What you will do
Extract from the entries below, exactly as given, only the lines from the line containing "アメリカではUBERがないとやばいね。東京にいるとタクシーはすぐつかまるけど。" to the line containing "Zdjęcie przedstawiające fragment", both lines included.

Data for analysis
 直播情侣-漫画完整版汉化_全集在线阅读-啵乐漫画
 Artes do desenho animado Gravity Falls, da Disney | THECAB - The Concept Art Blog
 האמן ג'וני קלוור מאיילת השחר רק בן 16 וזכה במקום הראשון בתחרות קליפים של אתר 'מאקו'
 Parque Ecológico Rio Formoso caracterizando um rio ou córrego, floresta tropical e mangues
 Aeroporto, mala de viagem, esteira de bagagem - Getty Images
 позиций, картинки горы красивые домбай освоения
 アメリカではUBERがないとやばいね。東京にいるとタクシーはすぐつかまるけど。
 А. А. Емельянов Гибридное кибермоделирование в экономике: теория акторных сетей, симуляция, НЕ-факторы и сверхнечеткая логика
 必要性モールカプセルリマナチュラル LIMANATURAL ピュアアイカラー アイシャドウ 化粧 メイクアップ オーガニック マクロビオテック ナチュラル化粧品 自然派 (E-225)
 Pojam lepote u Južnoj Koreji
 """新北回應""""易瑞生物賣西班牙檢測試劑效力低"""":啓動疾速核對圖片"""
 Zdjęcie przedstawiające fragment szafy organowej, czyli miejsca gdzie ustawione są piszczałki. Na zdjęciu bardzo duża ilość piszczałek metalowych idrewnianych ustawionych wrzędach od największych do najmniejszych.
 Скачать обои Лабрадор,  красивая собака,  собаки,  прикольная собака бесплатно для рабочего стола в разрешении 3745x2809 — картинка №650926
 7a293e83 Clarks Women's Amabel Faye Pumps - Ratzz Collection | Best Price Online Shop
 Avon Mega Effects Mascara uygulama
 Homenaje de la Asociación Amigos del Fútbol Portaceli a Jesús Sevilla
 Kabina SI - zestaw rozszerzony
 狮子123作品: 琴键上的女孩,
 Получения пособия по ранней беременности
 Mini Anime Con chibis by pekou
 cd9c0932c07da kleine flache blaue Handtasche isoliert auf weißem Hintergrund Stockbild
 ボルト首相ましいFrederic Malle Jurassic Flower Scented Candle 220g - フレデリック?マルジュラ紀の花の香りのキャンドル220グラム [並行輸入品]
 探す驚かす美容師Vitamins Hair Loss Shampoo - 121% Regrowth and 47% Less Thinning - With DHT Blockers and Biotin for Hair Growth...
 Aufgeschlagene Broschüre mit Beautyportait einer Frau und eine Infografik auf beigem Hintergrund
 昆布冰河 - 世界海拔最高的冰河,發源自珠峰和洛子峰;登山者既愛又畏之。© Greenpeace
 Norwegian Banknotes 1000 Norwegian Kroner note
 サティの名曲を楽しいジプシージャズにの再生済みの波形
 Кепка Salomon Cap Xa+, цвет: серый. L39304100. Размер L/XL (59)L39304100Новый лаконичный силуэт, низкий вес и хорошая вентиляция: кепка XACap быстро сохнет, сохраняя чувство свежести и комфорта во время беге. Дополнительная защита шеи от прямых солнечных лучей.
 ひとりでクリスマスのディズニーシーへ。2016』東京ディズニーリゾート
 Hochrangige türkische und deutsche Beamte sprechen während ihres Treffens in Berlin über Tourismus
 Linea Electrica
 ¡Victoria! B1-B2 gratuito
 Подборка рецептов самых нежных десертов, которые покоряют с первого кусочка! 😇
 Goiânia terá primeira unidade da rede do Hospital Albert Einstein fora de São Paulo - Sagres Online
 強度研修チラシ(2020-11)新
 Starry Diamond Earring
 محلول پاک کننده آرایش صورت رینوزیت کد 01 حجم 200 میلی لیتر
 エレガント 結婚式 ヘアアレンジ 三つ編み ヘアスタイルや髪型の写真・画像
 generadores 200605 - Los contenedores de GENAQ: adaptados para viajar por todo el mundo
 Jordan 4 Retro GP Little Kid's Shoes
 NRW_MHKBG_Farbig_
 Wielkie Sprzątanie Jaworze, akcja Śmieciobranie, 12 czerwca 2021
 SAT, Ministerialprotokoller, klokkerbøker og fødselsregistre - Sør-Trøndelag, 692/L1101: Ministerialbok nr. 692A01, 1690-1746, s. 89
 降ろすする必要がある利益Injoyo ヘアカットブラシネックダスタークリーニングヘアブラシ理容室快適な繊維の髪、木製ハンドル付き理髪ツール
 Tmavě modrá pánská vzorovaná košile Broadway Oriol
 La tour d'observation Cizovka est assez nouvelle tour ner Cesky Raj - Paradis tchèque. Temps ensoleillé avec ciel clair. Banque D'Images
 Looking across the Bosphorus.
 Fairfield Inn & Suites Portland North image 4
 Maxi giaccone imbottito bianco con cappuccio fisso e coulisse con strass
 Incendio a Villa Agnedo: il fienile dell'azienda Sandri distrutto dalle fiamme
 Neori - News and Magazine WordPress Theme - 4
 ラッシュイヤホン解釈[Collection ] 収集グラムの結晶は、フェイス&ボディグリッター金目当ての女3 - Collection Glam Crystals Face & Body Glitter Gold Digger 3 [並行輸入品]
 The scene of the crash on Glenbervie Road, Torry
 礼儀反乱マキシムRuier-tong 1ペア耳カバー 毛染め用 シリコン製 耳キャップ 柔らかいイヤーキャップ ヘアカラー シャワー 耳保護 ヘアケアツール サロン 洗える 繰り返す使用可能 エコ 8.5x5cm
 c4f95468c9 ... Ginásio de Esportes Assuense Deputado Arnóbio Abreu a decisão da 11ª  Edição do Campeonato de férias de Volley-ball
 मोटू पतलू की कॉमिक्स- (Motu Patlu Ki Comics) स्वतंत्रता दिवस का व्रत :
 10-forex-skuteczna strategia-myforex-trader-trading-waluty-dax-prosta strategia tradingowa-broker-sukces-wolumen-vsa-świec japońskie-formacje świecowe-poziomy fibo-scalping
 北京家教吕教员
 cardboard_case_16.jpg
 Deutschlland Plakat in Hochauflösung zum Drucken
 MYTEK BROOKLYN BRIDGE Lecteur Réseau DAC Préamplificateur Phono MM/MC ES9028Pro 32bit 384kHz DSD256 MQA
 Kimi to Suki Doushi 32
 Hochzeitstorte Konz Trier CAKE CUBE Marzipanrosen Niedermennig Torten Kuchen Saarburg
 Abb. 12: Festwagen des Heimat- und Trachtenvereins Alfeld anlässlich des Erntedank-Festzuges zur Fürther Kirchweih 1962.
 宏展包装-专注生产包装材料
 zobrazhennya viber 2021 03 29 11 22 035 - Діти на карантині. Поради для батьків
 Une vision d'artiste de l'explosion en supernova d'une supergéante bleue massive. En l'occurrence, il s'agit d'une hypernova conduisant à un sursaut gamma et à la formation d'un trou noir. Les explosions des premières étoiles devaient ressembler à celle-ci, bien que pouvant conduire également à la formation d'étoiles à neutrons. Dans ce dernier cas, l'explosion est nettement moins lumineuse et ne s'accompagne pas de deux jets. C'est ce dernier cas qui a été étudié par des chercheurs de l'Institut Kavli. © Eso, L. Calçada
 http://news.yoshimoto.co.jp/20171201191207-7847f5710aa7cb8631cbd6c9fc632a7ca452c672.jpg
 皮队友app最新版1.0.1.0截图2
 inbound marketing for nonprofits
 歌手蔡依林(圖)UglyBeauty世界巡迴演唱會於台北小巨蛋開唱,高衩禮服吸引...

Exercise result
 アメリカではUBERがないとやばいね。東京にいるとタクシーはすぐつかまるけど。
 А. А. Емельянов Гибридное кибермоделирование в экономике: теория акторных сетей, симуляция, НЕ-факторы и сверхнечеткая логика
 必要性モールカプセルリマナチュラル LIMANATURAL ピュアアイカラー アイシャドウ 化粧 メイクアップ オーガニック マクロビオテック ナチュラル化粧品 自然派 (E-225)
 Pojam lepote u Južnoj Koreji
 """新北回應""""易瑞生物賣西班牙檢測試劑效力低"""":啓動疾速核對圖片"""
 Zdjęcie przedstawiające fragment szafy organowej, czyli miejsca gdzie ustawione są piszczałki. Na zdjęciu bardzo duża ilość piszczałek metalowych idrewnianych ustawionych wrzędach od największych do najmniejszych.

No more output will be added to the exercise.